Unicode

Jacob Harvey
4 min readSep 11, 2021
Photo by Timothée Gidenne on Unsplash

What Is Unicode?

Unicode is the international standard for encoding and decoding human-readable text using basic characters. The Unicode Standard contains characters for the following alphabets: Latin, Greek, Cyrillic, Arabic, Hebrew, Syriac, Mongolian, Chinese, Japanese, Devanagari, Armenian, and many others. To put this in perspective, consider how we communicate in English. Most people use the English alphabet in their writing, which comprises the 27 letters A–Z.

A Little About Unicode

Unicode is a character-set standard that was published in 1991. It provides a unified way to represent all languages in the world, regardless of their writing system. Unicode was designed by a small number of people working with the publishing industry standards commission (ISO) in 1991. The standards process was initiated by the Unicode Consortium (UC), a private consortium formed to promote Unicode, but ended up publishing much more than was originally planned.

Photo by Tim Mossholder on Unsplash

Why should you care about Unicode?

The Unicode standard provides the backbone of much of what we use on a daily basis, whether it be a Microsoft operating system, a Facebook app, or a web page. All modern personal computers are able to view documents encoded with UTF-16 or UTF-32 on its screen. The UTF logic can be extended to cover any character-set that is narrow enough to be represented by 2 bytes, which makes the choice of UTF for international communication simple. Unicode as described in ISO 10646, is a set of characters that help translate individual writing systems into a single universal one. There are multiple ways to spell each word in the english language but words like he and she are represented by the same characters across all written languages. When you type the letters lol into Google you’re not searching for laughing out loud, as Google has decided what to call that character in english. Instead you’re searching for the name of the english word laughing. Likewise in Japanese the word tsundere (violent love) is represented by two characters, but in Chinese however the word is one character and that one character has two different pronunciations (結美/美群). Being able to translate different languages on the same web application is important for universal use.

How is Unicode designed?

As mentioned previously Unicode’s goal is to provide a way to represent all language written in a specific writing system. For instance a language like Greek which does not use punctuation or symbols in writing might not be able to be represented by a character set used to represent latin characters. The standard tries to address this by not only providing the full set of Latin characters, but also expanding the ability to represent it with the main set of symbols you would see. For instance, some of the Greek letters would be represented by small curls (diacritics) around them, while other would be represented by connecting diacritics. Since Unicode was developed in 1991 it has grown to include some 400,000 characters, many more than the 256 glyphs allowed in ISO 10646.

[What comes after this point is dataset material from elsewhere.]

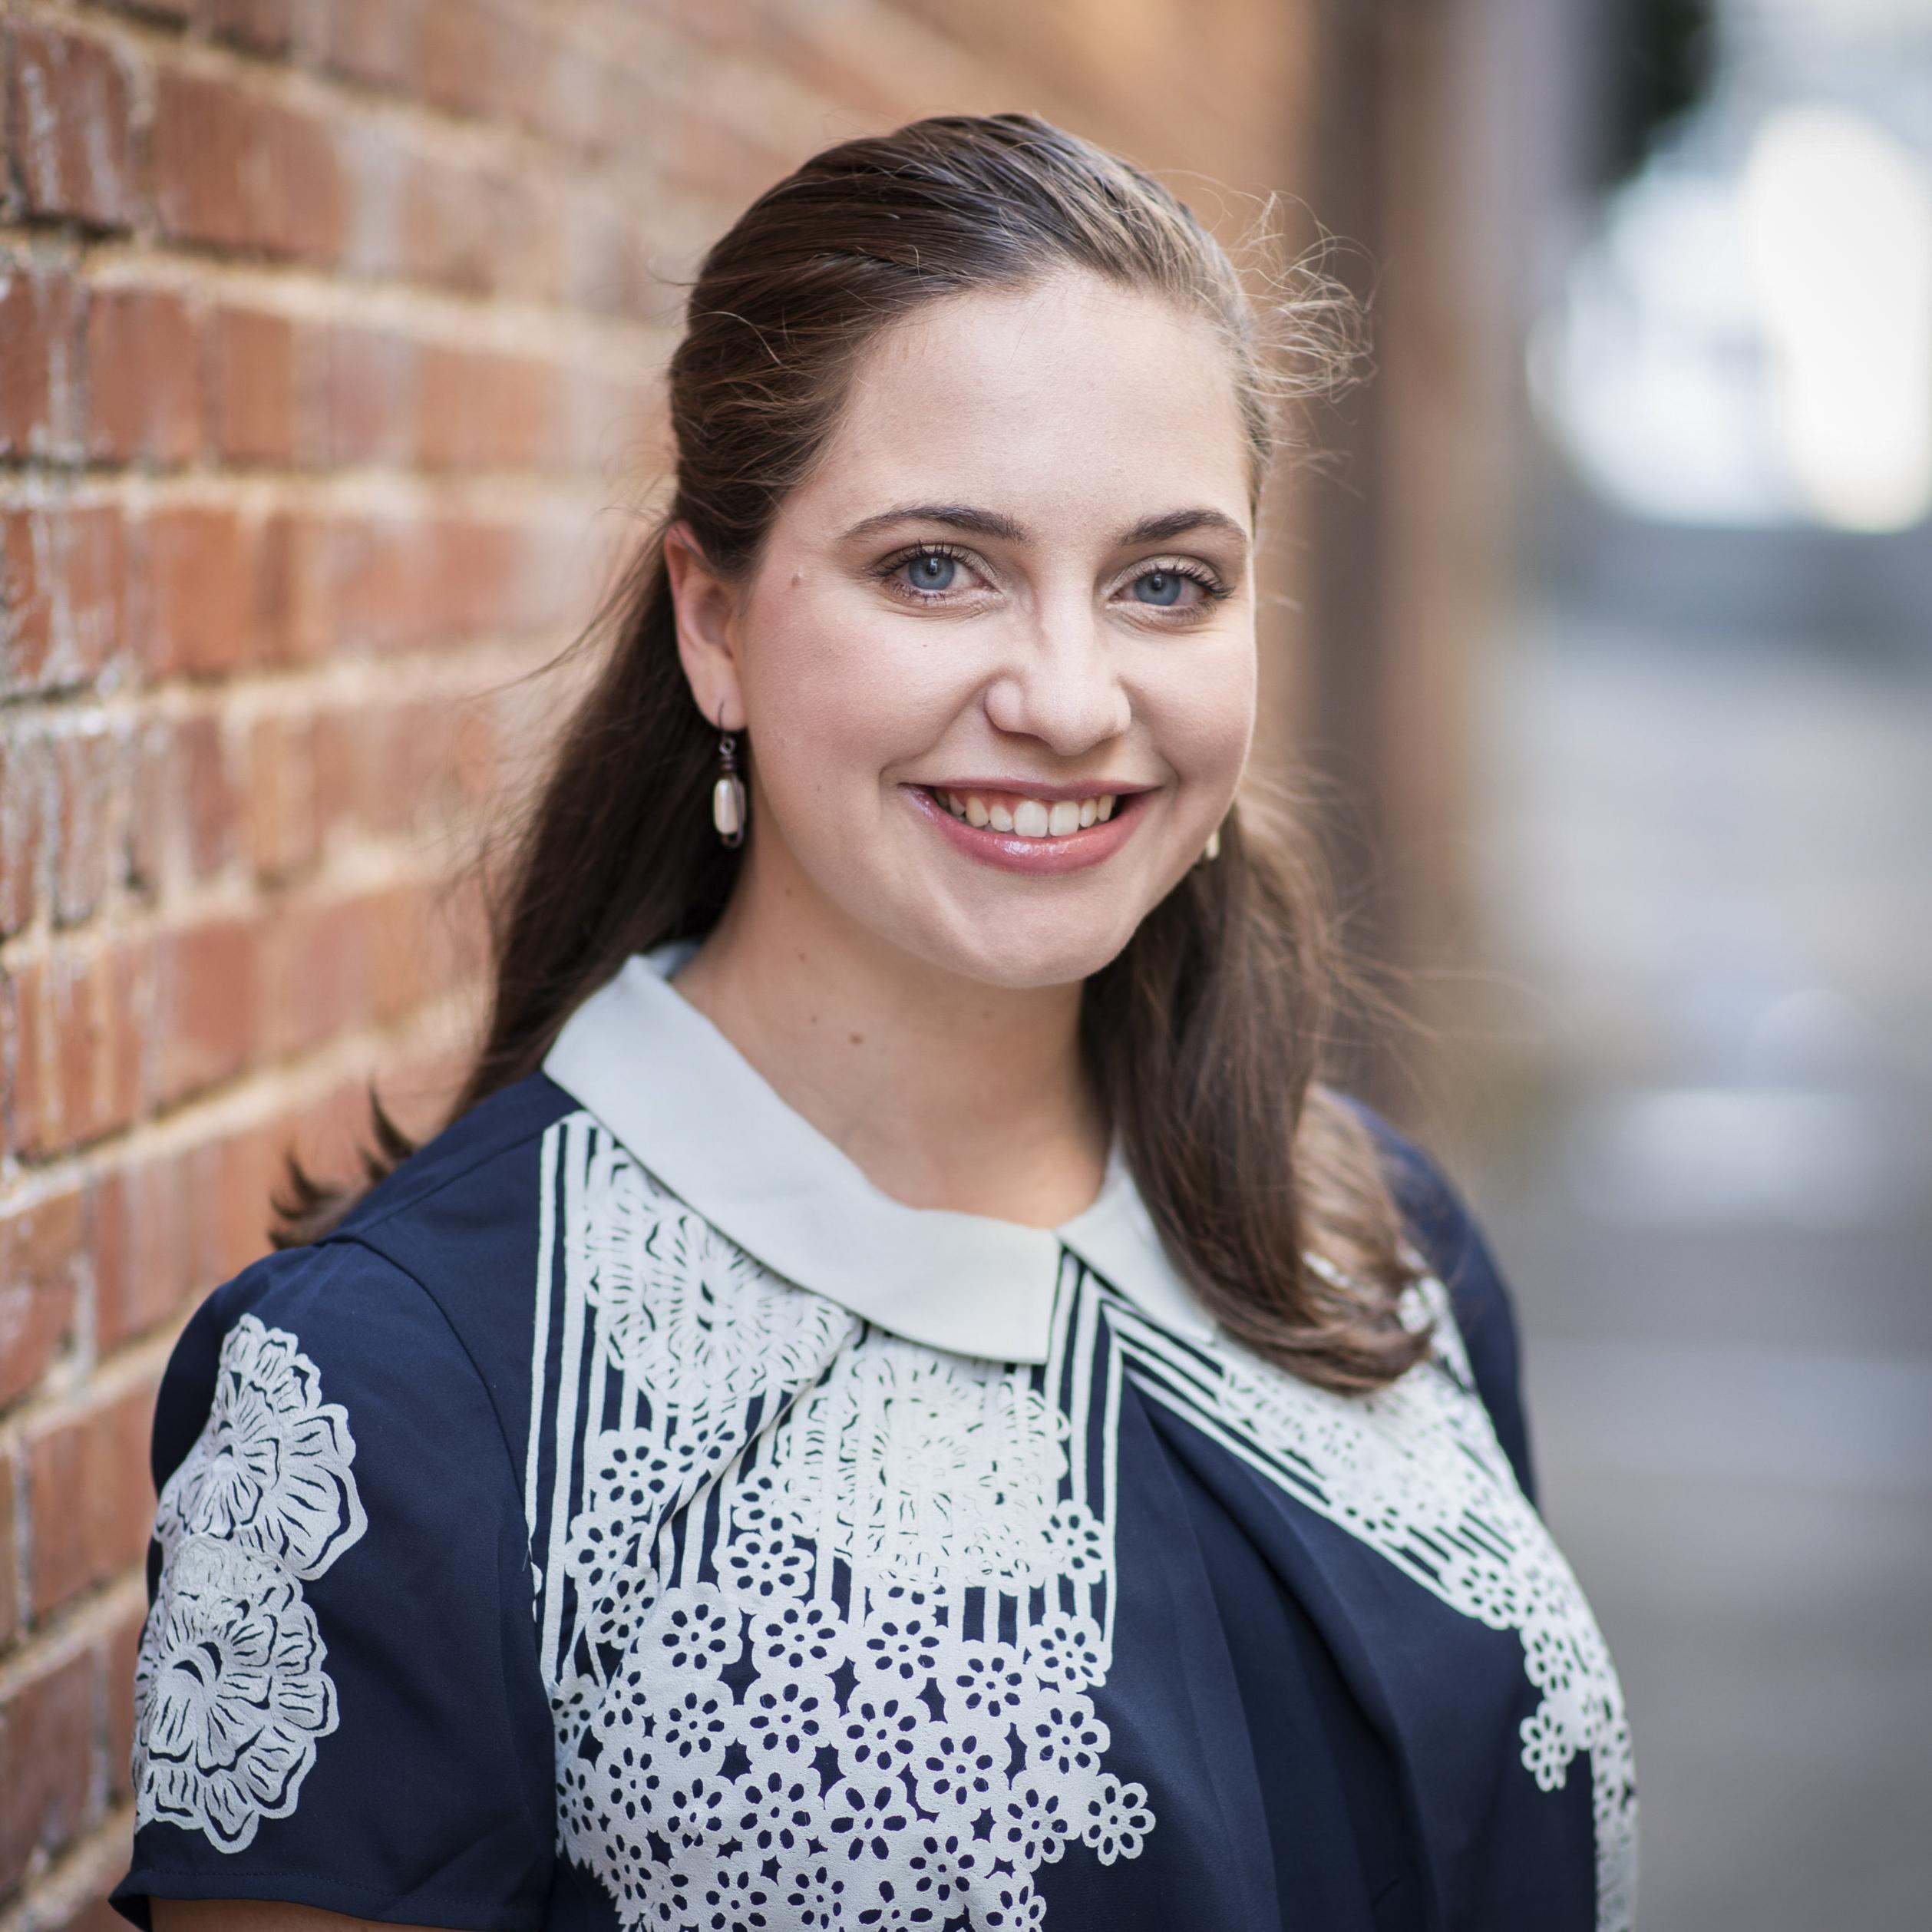 Maggie Fortenberry - Maggie Fortenberry

Photo by Yuyeung Lau on Unsplash

The impact of Unicode on languages other than English

Bidi is the most popular language for emoji use. Emojis can play an important role for languages that don’t have a standard writing system. Bidi is the most popular language for emoji use but despite being on of the most widely spoken languages there is no Unicode standard for Bidi. To ensure consistency Google’s EmojiCompat library converts Bidi characters to emoji by combining a standard Unicode glyph with an image description from Google’s Bidi Font. Although there are nearly 7,000 different emojis less than 40 of them are available for each language. In a world of emojis and what they represent are becoming a fundamental part of people’s communication.

Conclusion

Unicode makes the world go round! Multilingual people today face an interesting challenge, though they learn and use multiple languages at a very young age they become acutely aware that their native language is an easily differentiated entity. Sometimes people of a certain language end up with incomprehensible english text on their devices which I could imagine to be super annoying. At a time when human language was believed to be reaching a limit, Unicode was introduced to help with this problem. Although Unicode itself is an industry standard, a lot of the work on making it accessible for non-english users is carried out by non-profit organizations, including Unicode Consortium, the IEEE and others. Thank you for reading my blog and stop by soon for my next one!

--

--

Jacob Harvey

Software Developer building the future of banking.